I'm looking for a Perl regex that would be able to remove all the characters of an HTML code, except for some certain tags. Here's an example of an HTML code that would need to be processed:


Code
<div id="tag_id" style="width: tag_width; height: tag_height;"> 
<font face="tag_font_face" size="tag_font_size">
available sizes: tag_s1, tag_s2, tag_s3;
available colors: tag_c1/tag_c2/tag_c3;
other options: tag_option1 tag_option2 tag_option3;
</font>
</div>


I'd like to keep all the tags that start with "tag_", and remove everything else. The regex should output one tag after another, like this:


Code
tag_id tag_width tag_height tag_font_face tag_font_size tag_s1 tag_s2 
tag_s3 tag_c1 tag_c2 tag_c3 tag_option1 tag_option2 tag_option3


The tags will always start with "tag_", and they will never contain any other characters, except for these:

1) letters;
2) numbers;
3) the "_" (underscore) character.

Plus, they can only have a minimum of one keyword (tag_keyword1), and a maximum of 5 keywords (tag_k1_k2_k3_k4_k5).

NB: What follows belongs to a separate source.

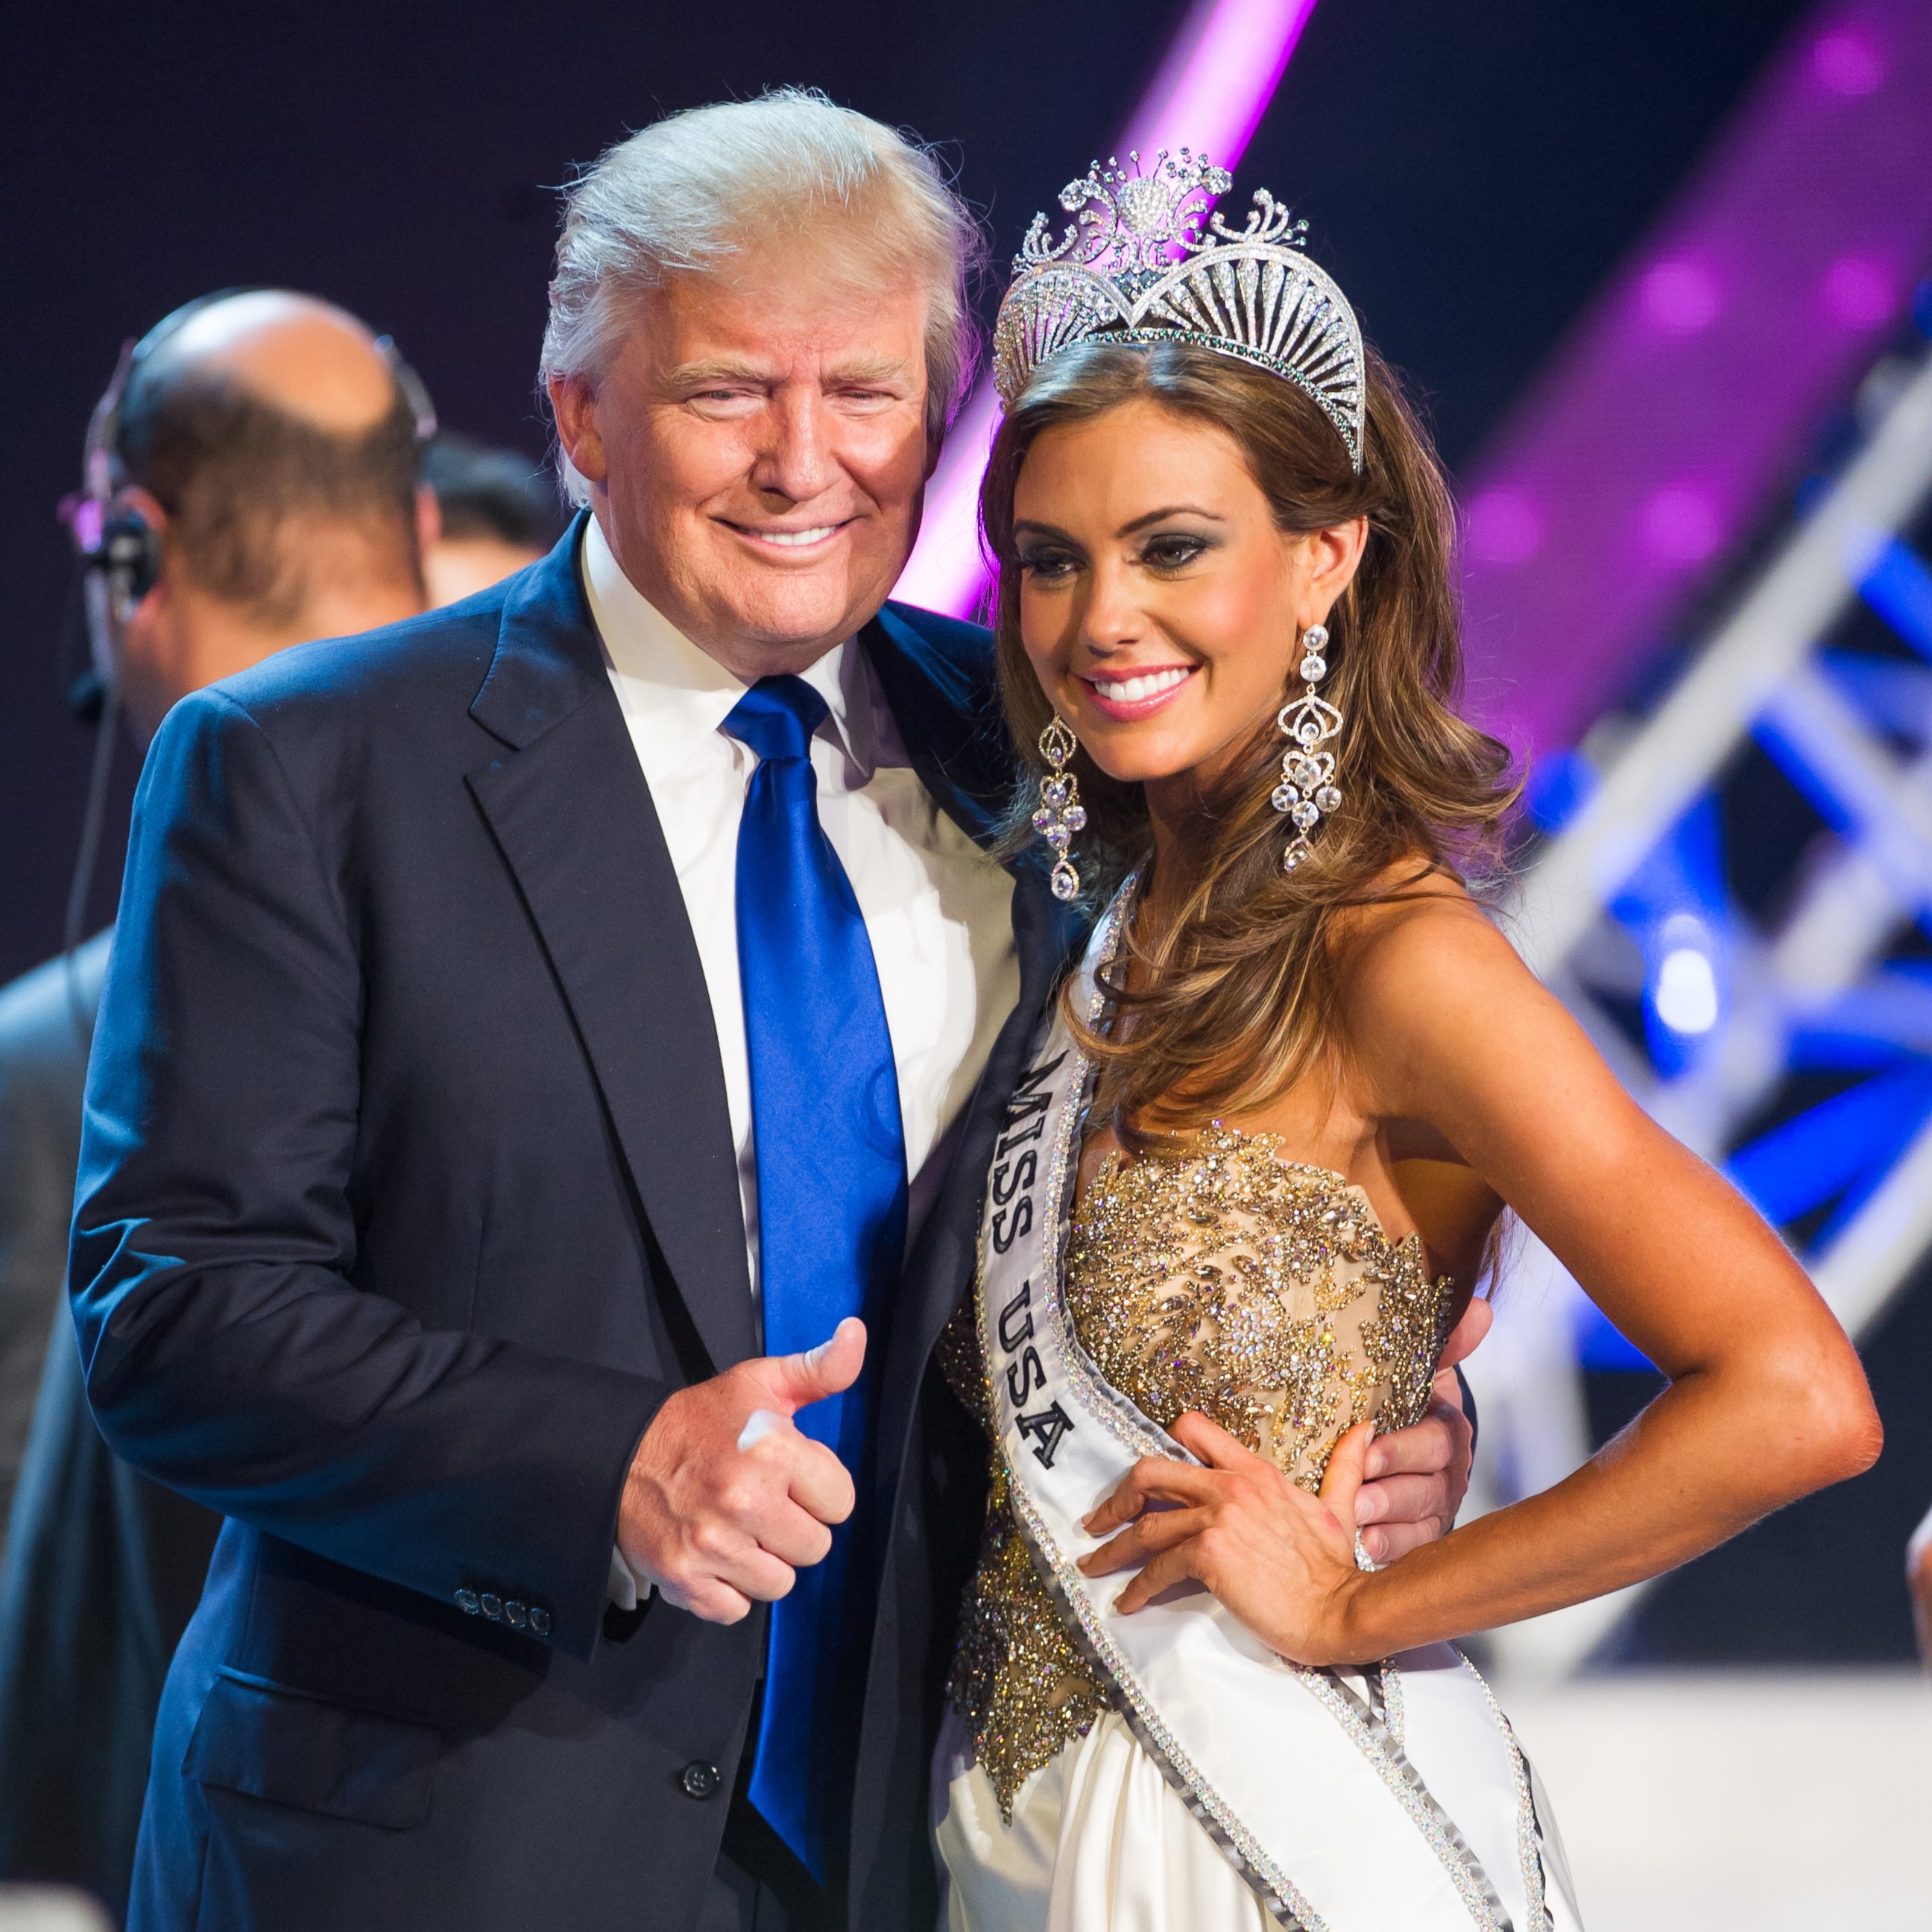 PHOTO:Donald Trump and Miss Connecticut USA Erin Brady poses onstage after winning the 2013 Miss USA pageant, June 16, 2013, in Las Vegas. 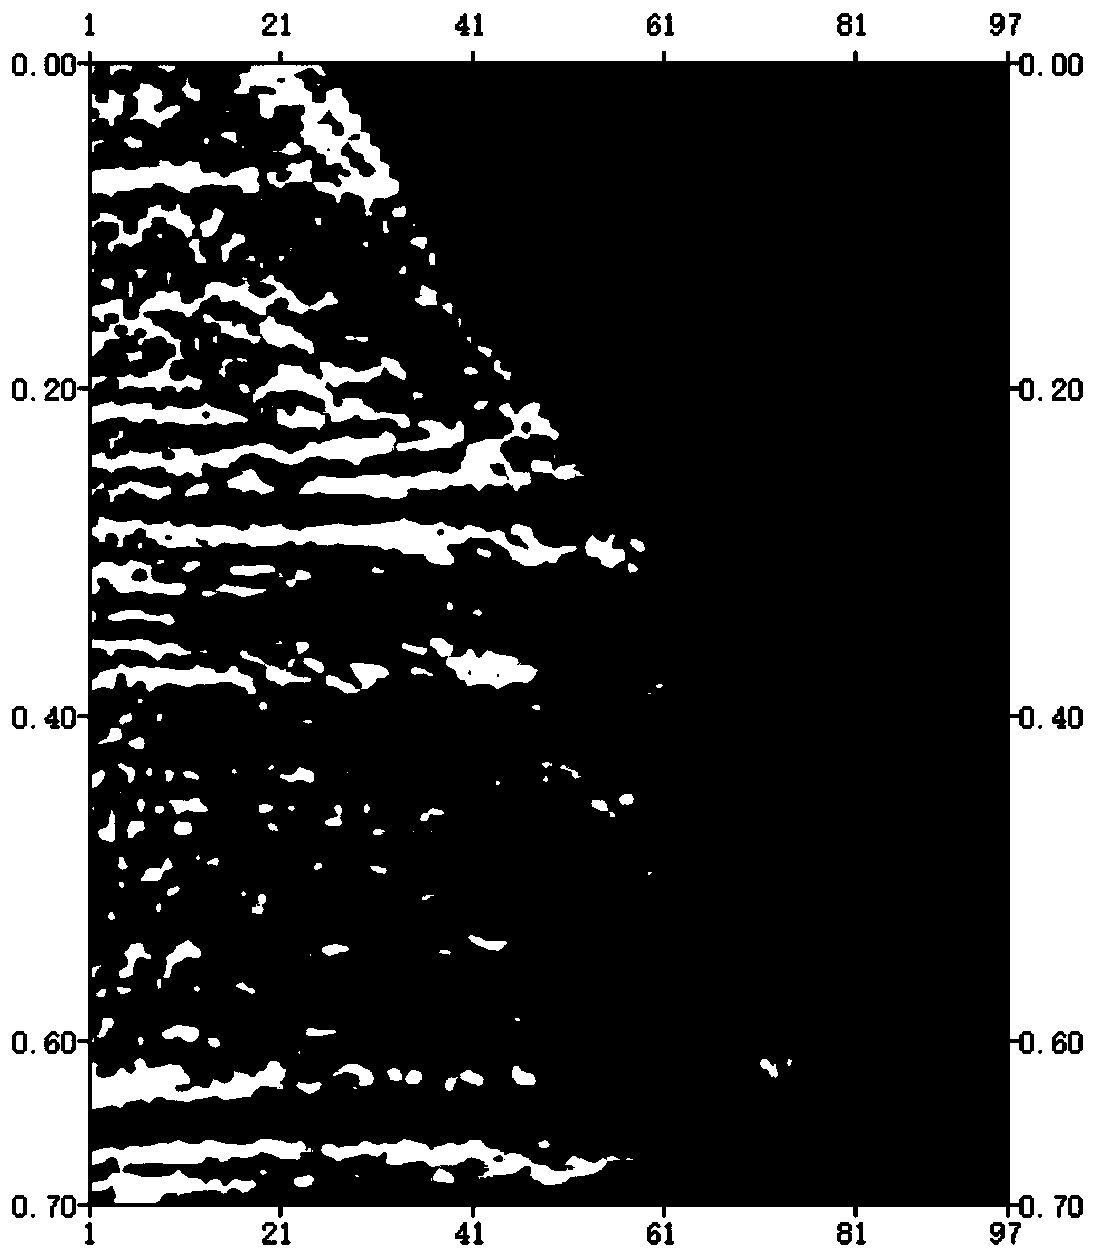 Pre-stack seismic data spectrum expansion method based on angle division processing

I did manage to find a solution to get this done, but because it's using a 'foreach' loop, it's quite slow and can't really be used. This will be integrated in a Perl script that serves webpages on the fly, and speed is extremely important. Getting this done using regex (and/or any other Perl code that's fast) should work without any delays.

I'm not very good with regex, and even though I did spend time trying to find a way, I couldn't do it.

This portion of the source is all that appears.